Singapore has suffered its second attack on private medical records in seven months. This time, the records of around 14 thousand people diagnosed with HIV have been leaked.
Announcement
The Ministry of Health (MOH) released an announcement on Monday. The statement said the police had alerted the MOH that the HIV status of 14,200 people was in the hands of an unauthorised person who has published it online.
Together with these records, the confidential data of 2,400 of their contacts was also leaked.
Details of the Data Records
The records taken were of 5,400 Singapore citizens diagnosed with HIV up to January 2013. Also leaked were the records of 8,800 foreign nationals with HIV up to December 2011.
The data includes names, phone numbers, addresses and HIV test results.

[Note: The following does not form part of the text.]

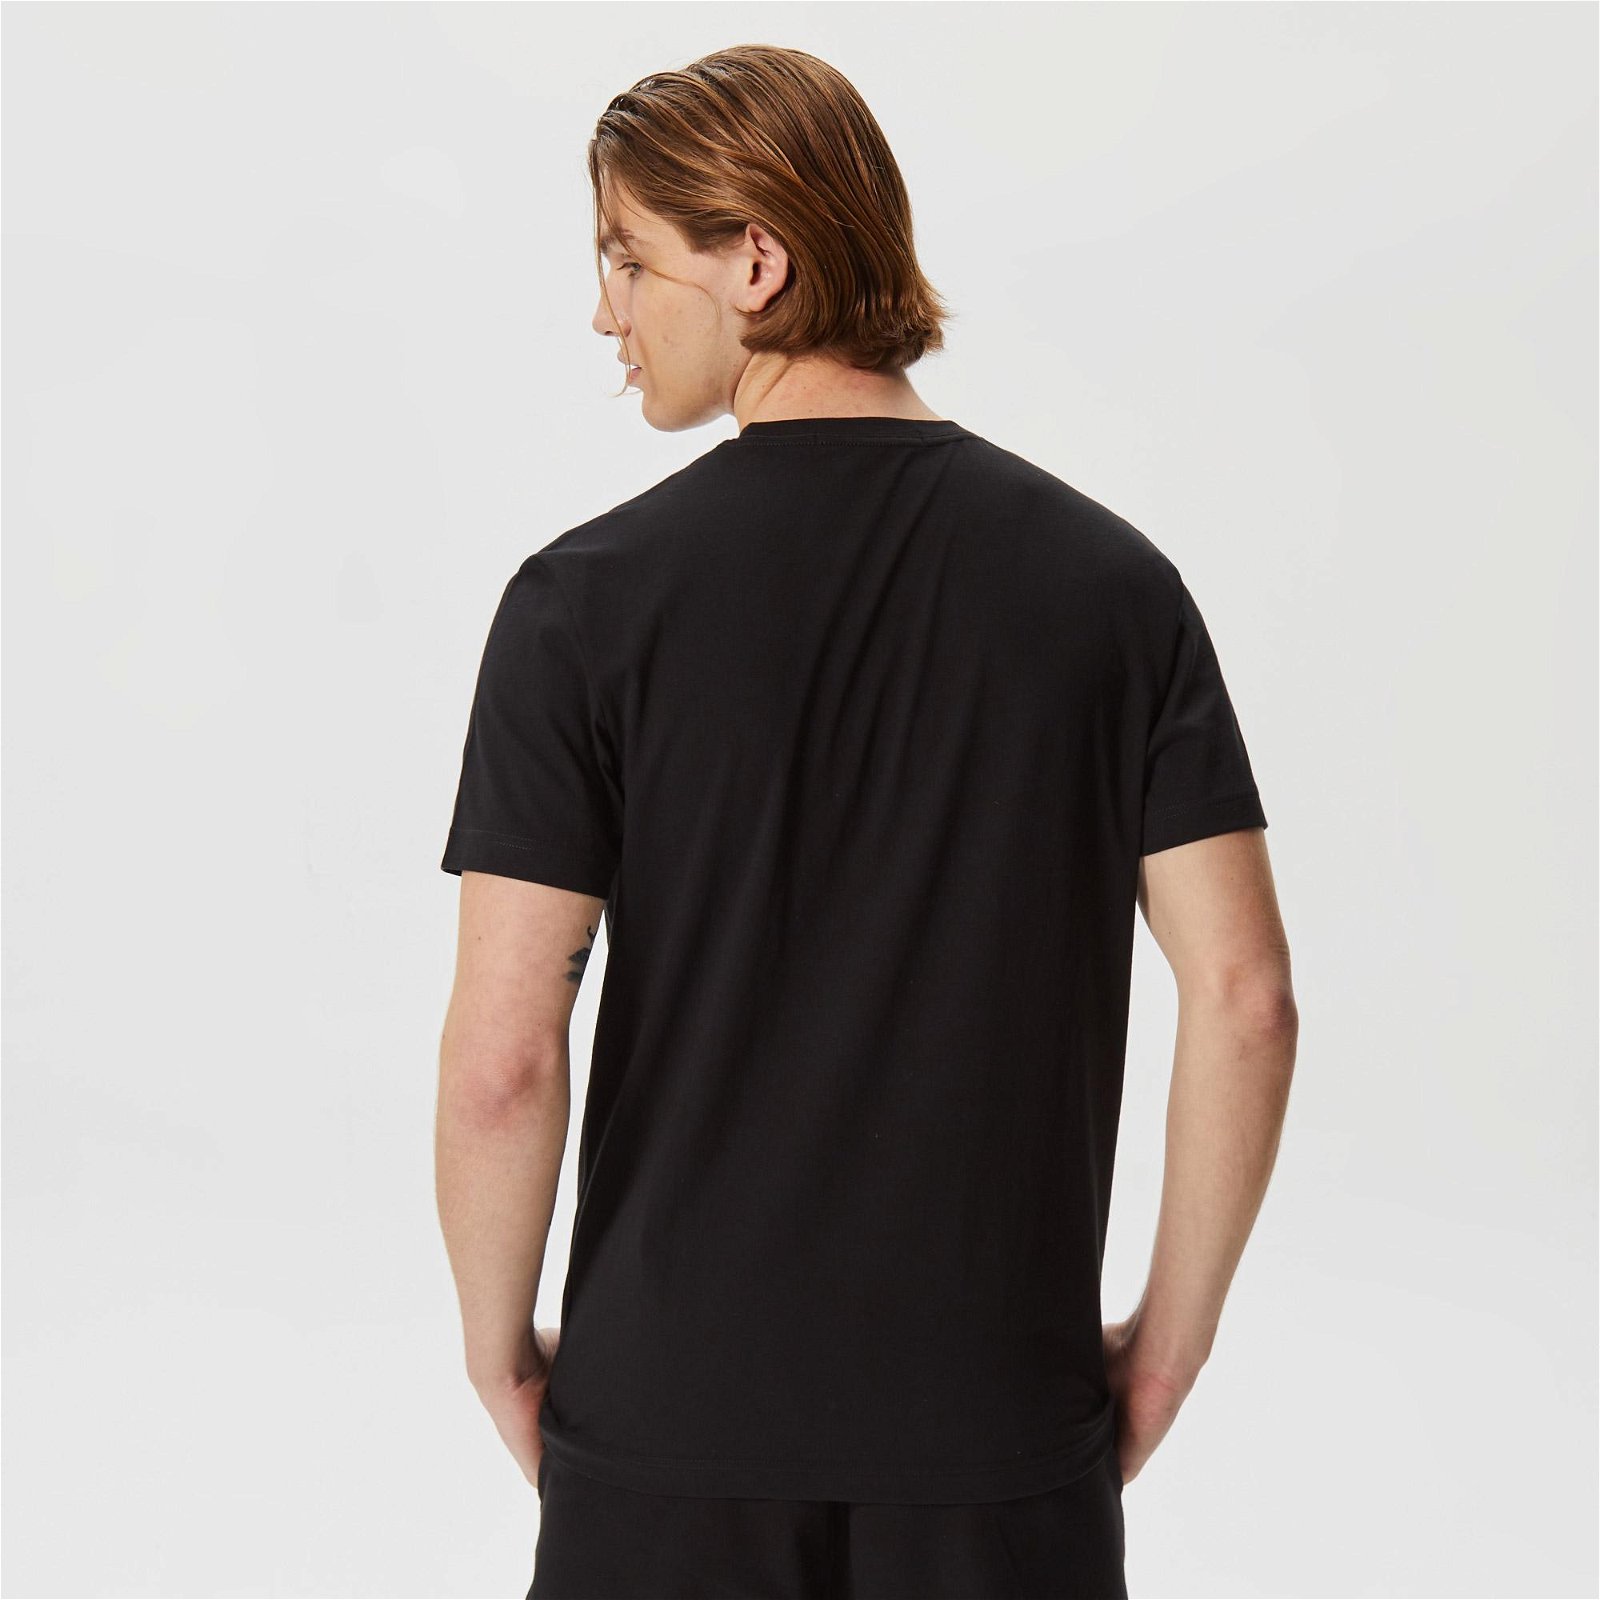 Calvin Klein Jeans Blurred Address Logo Erkek Siyah T-Shirt

Names, phone numbers and addresses were also stolen from 2,400 patents contact records.
MOH Action
The ministry of health has been contacting patients affected by the breach since Saturday. They have also been working to disable access to the records. However, the ministry admitted that whoever took the data, still has it, so they could publish it again.
The MOH hasn’t specified whether this was a cyber attack, but, they do have a suspicion as to who might have committed this attack.
Suspects
Officers in the ministry are accusing two men, one of whom it says possesses and allegedly published the HIV records. Mikhy K. Farrera Brochez is a US citizen who has been living and working in Singapore from 2008 until 2016. In March 2017, Brochez was convicted of fraud and drug-related crimes, and sentenced to 28 months in prison.
Brochez lied to the Ministry of Manpower about having HIV so he could work. Before 2015, Singapore banned and blacklisted foreign workers with HIV from working.
The other suspect is Brochez’s then-boyfriend, now spouse Dr Ler Teck Siang. Ler was head of the MOH National Public Health Unit until 2013 and was responsible for the safekeeping of the HIV registry.
Ler resigned in 2014 and was charged two years later with failing to take reasonable care of the HIV records.
According to Channel News Asia, Ler supplied his own blood to the government for tests on behalf of Brochez. Ler was sentenced to two years in jail in September 2018.
Heads Up
The MOH apparently got a heads-up relating to Brochez stating he still had data from the HIV registry, and that he allegedly published it online.
Singapore police are asking for assistance from unknown foreign countries as they investigate.